Amitriptyline/chlordiazepoxide Disease Interactions

There are 20 disease interactions with amitriptyline/chlordiazepoxide:

Benzodiazepines (Includes Amitriptyline/chlordiazepoxide) ↔ Acute Alcohol Intoxication

Severe Potential Hazard, High plausibility

Applies to: Acute Alcohol Intoxication, Alcoholism

The use of benzodiazepines is contraindicated in patients with acute alcohol intoxication exhibiting depressed vital signs. The central nervous system depressant effects of benzodiazepines may be additive with those of alcohol. Severe respiratory depression and death may occur. Therapy with benzodiazepines should be administered cautiously in patients who might be prone to acute alcohol intake.

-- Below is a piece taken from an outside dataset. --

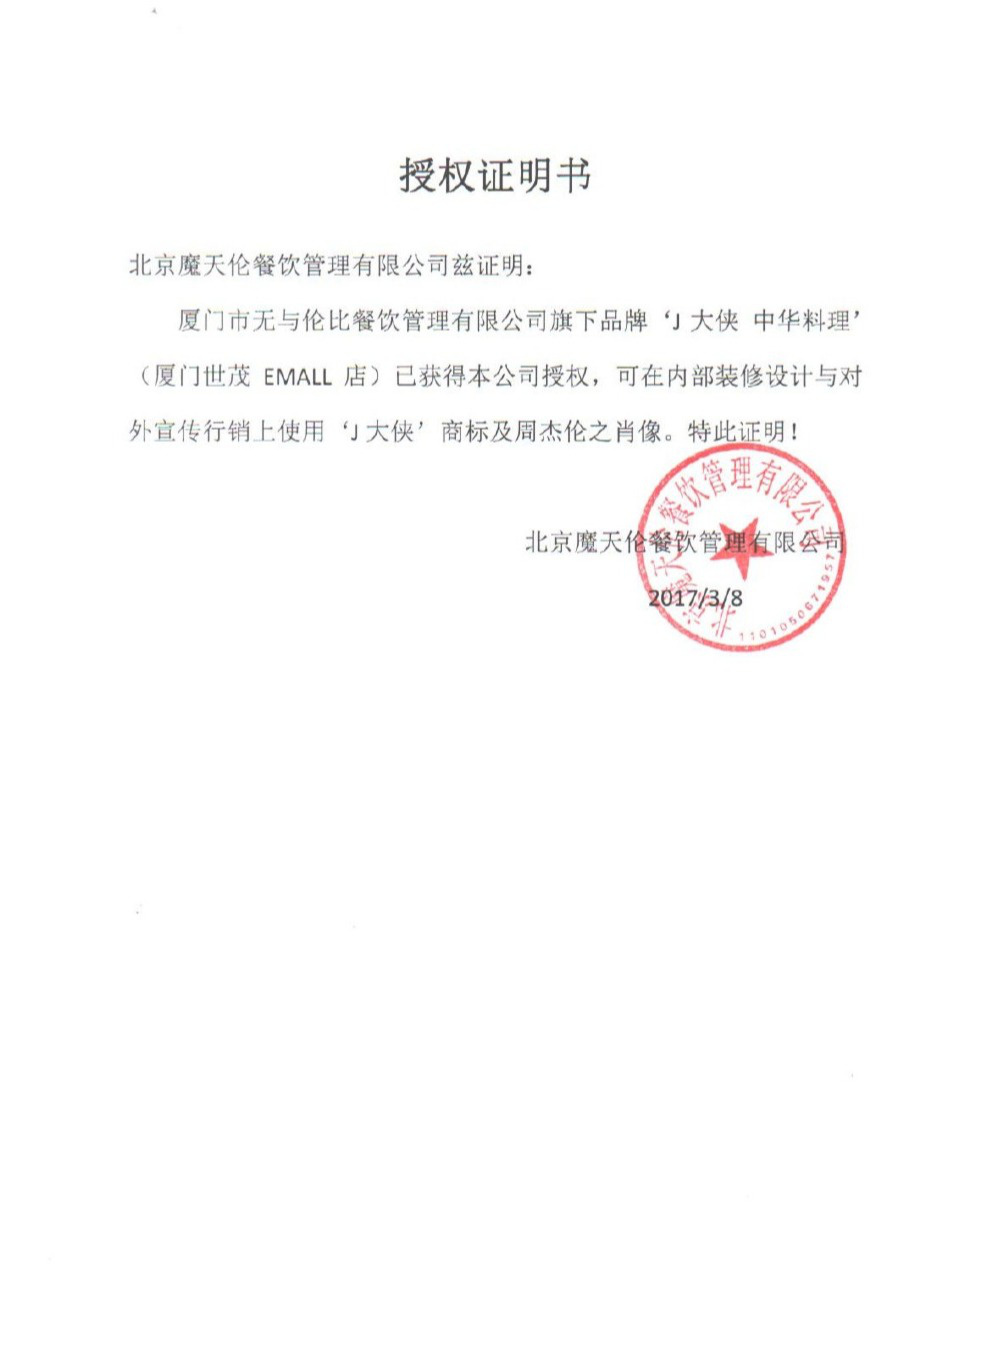 伦比餐饮管理有限公司与北京魔天伦餐饮管理有限公司签订的授权证明书

Benzodiazepines (Includes Amitriptyline/chlordiazepoxide) ↔ Closed-Angle Glaucoma

Severe Potential Hazard, Low plausibility

Applies to: Glaucoma/Intraocular Hypertension

The manufacturers consider the use of benzodiazepines to be contraindicated in patients with acute angle-closure glaucoma or untreated open-angle glaucoma. These agents do not possess anticholinergic activity but have very rarely been associated with increased intraocular pressure.


Benzodiazepines (Includes Amitriptyline/chlordiazepoxide) ↔ Drug Dependence

Severe Potential Hazard, High plausibility

Applies to: Alcoholism, Drug Abuse/Dependence

Benzodiazepines have the potential to cause dependence and abuse. Tolerance as well as physical and psychological dependence can develop, particularly after prolonged use and/or excessive dosages. However, abrupt cessation following continual use of as few as 6 weeks at therapeutic levels has occasionally precipitated withdrawal symptoms. Addiction-prone individuals, such as those with a history of alcohol or substance abuse, should be under careful surveillance when treated with benzodiazepines. It may be prudent to refrain from dispensing large quantities of medication to these patients. After prolonged use or if dependency is suspected, withdrawal of benzodiazepine therapy should be undertaken gradually using a dosage-tapering schedule. If withdrawal symptoms occur, temporary reinstitution of benzodiazepines may be necessary.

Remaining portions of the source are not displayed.